Service Notices
July 2019 Microsoft Security Update
Jul 31, 2019 GMT+08:00
I. Overview
Recently, Microsoft released its monthly set of security updates for July, addressing 77 vulnerabilities, among which 15 are rated "critical". Attackers can exploit vulnerabilities to execute remote code, escalate privileges, and obtain sensitive information. The following applications are affected: Microsoft Windows, Internet Explorer, Microsoft Edge, and NET Framework.
Microsoft release notes:
II. Severity
Severity: important
(Severity: low, moderate, important, and critical)
III. Affected Products
Microsoft Windows, Internet Explorer, Microsoft Edge, Microsoft Office, NET Framework
IV. Vulnerability Details
CVE ID |
Vulnerability Name |
Severity |
Vulnerability Description |
CVE-2019-1001 CVE-2019-1004 CVE-2019-1056 CVE-2019-1059 |
Scripting Engine Memory Corruption Vulnerability |
Important |
A remote code execution vulnerability exists in the way the scripting engine handles objects in memory in Microsoft browsers. The vulnerability could corrupt memory in such a way that an attacker could execute arbitrary code in the context of the current user. Unauthorized attackers can use this vulnerability to obtain privileges as authorized users. |
CVE-2019-0785 |
Windows DHCP Server Remote Code Execution Vulnerability |
Important |
A memory corruption vulnerability exists in the Windows Server DHCP service when an attacker sends specially crafted packets to a DHCP failover server.
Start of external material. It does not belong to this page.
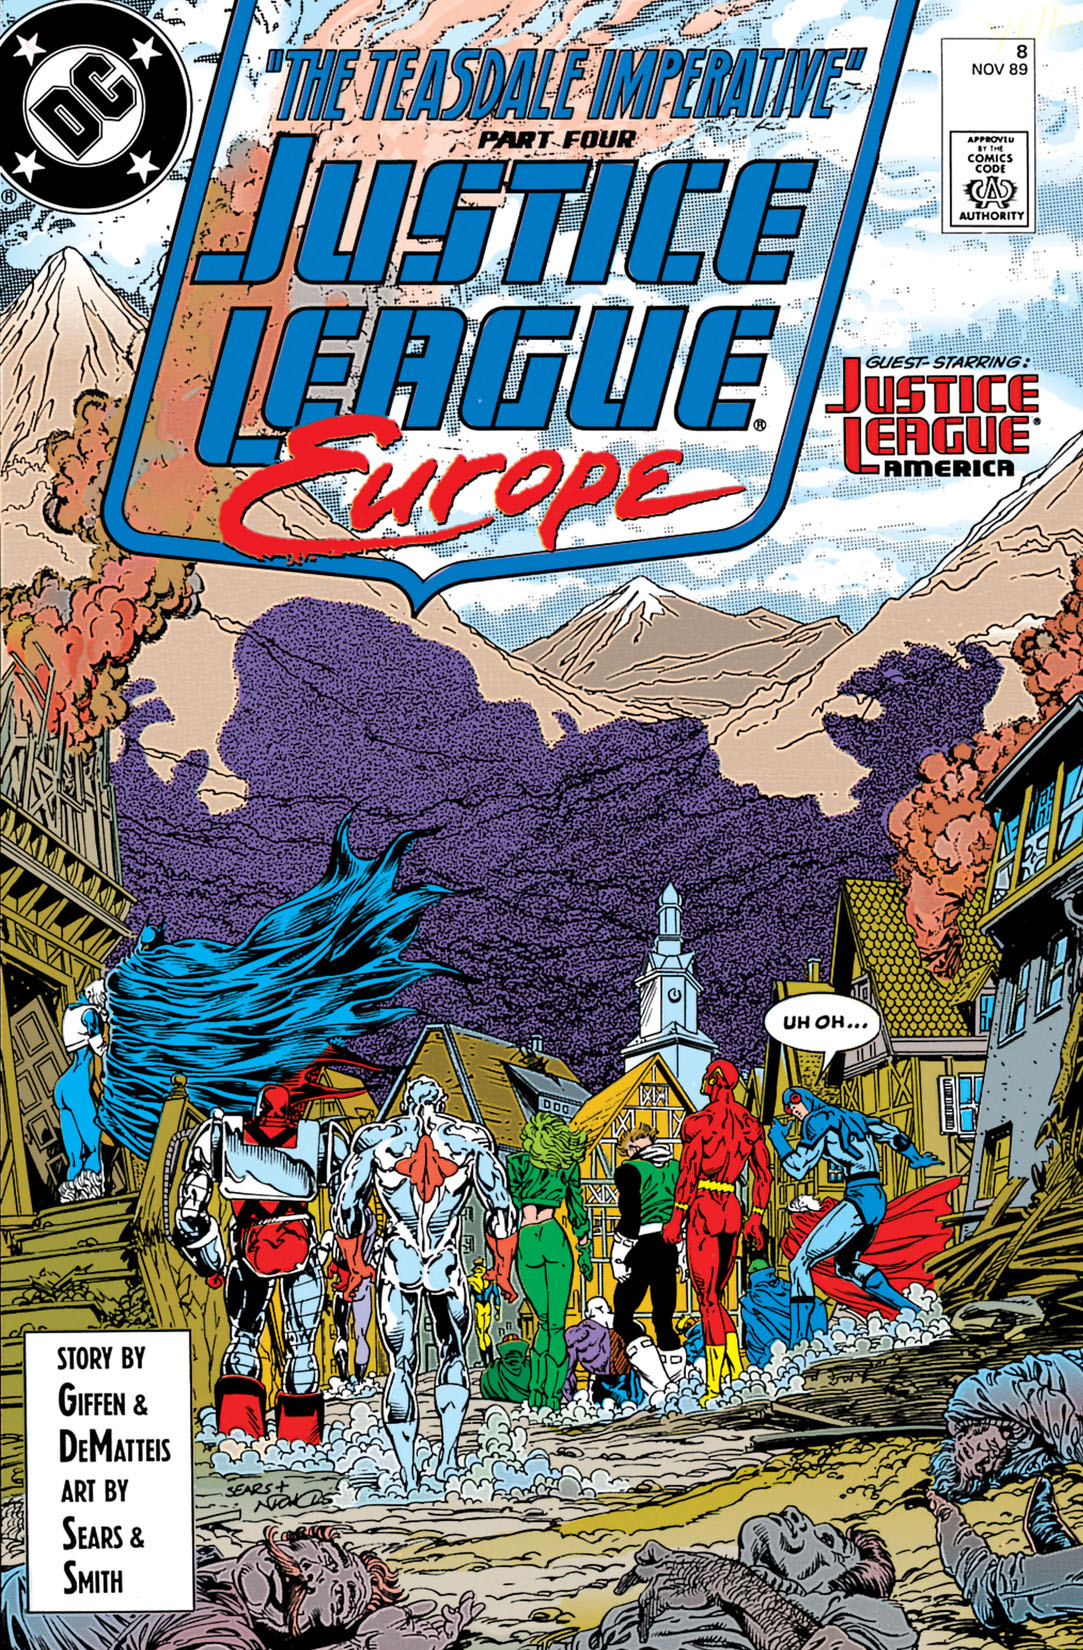 Justice League Europe #8 preview images

An attacker who successfully exploited the vulnerability could either run arbitrary code on the DHCP failover server or cause the DHCP service to become nonresponsive. |
CVE-2019-1104 |
Microsoft Browser Memory Corruption Vulnerability |
Important |
A remote code execution vulnerability exists in the way that Microsoft browsers access objects in memory. This vulnerability may damage memory by allowing attackers to execute arbitrary code in the context of the current user. Unauthorized attackers can use this vulnerability to obtain privileges as authorized users. |
CVE-2019-1063 |
Internet Explorer Memory Corruption Vulnerability |
Important |
A remote code execution vulnerability exists when Internet Explorer improperly accesses objects in memory. The vulnerability could corrupt memory in such a way that an attacker could execute arbitrary code in the context of the current user. Unauthorized attackers can use this vulnerability to obtain privileges as authorized users. |
CVE-2019-1102 |
GDI+ Remote Code Execution Vulnerability |
Important |
A remote code execution vulnerability exists in the way that the Windows Graphics Device Interface (GDI) handles objects in the memory. An attacker who successfully exploited this vulnerability could take control of the affected system. |
CVE-2019-1103 CVE-2019-1106 CVE-2019-1107 CVE-2019-1062 |
Chakra Scripting Engine Memory Corruption Vulnerability |
Important |
A remote code execution vulnerability exists in the way that the Chakra scripting engine handles objects in memory in Microsoft Edge. The vulnerability could corrupt memory in such a way that an attacker could execute arbitrary code in the context of the current user. Unauthorized attackers can use this vulnerability to obtain privileges as authorized users. |
CVE-2019-1072 |
Azure DevOps Server and Team Foundation Server Remote Code Execution Vulnerability |
Important |
A remote code execution vulnerability exists when Azure DevOps Server and Team Foundation Server (TFS) improperly handle user input. An attacker who successfully exploited the vulnerability could execute code on the target server in the context of the DevOps or TFS service account. |
CVE-2019-1113 |
NET Framework Remote Code Execution Vulnerability |
Important |
A remote code execution vulnerability exists in .NET software when the software fails to check the source markup of a file. An attacker who successfully exploited the vulnerability could run arbitrary code in the context of the current user. |
(Note: Vulnerabilities listed above are important ones. For more information, refer to the official website of Microsoft.)
V. Security Recommendations
1. Use Windows Update or download patches from the following address to fix the vulnerabilities:
https://portal.msrc.microsoft.com/en-us/security-guidance
2. Back up data remotely to protect your data.
Note: Before fixing vulnerabilities, back up your files and conduct a thorough test.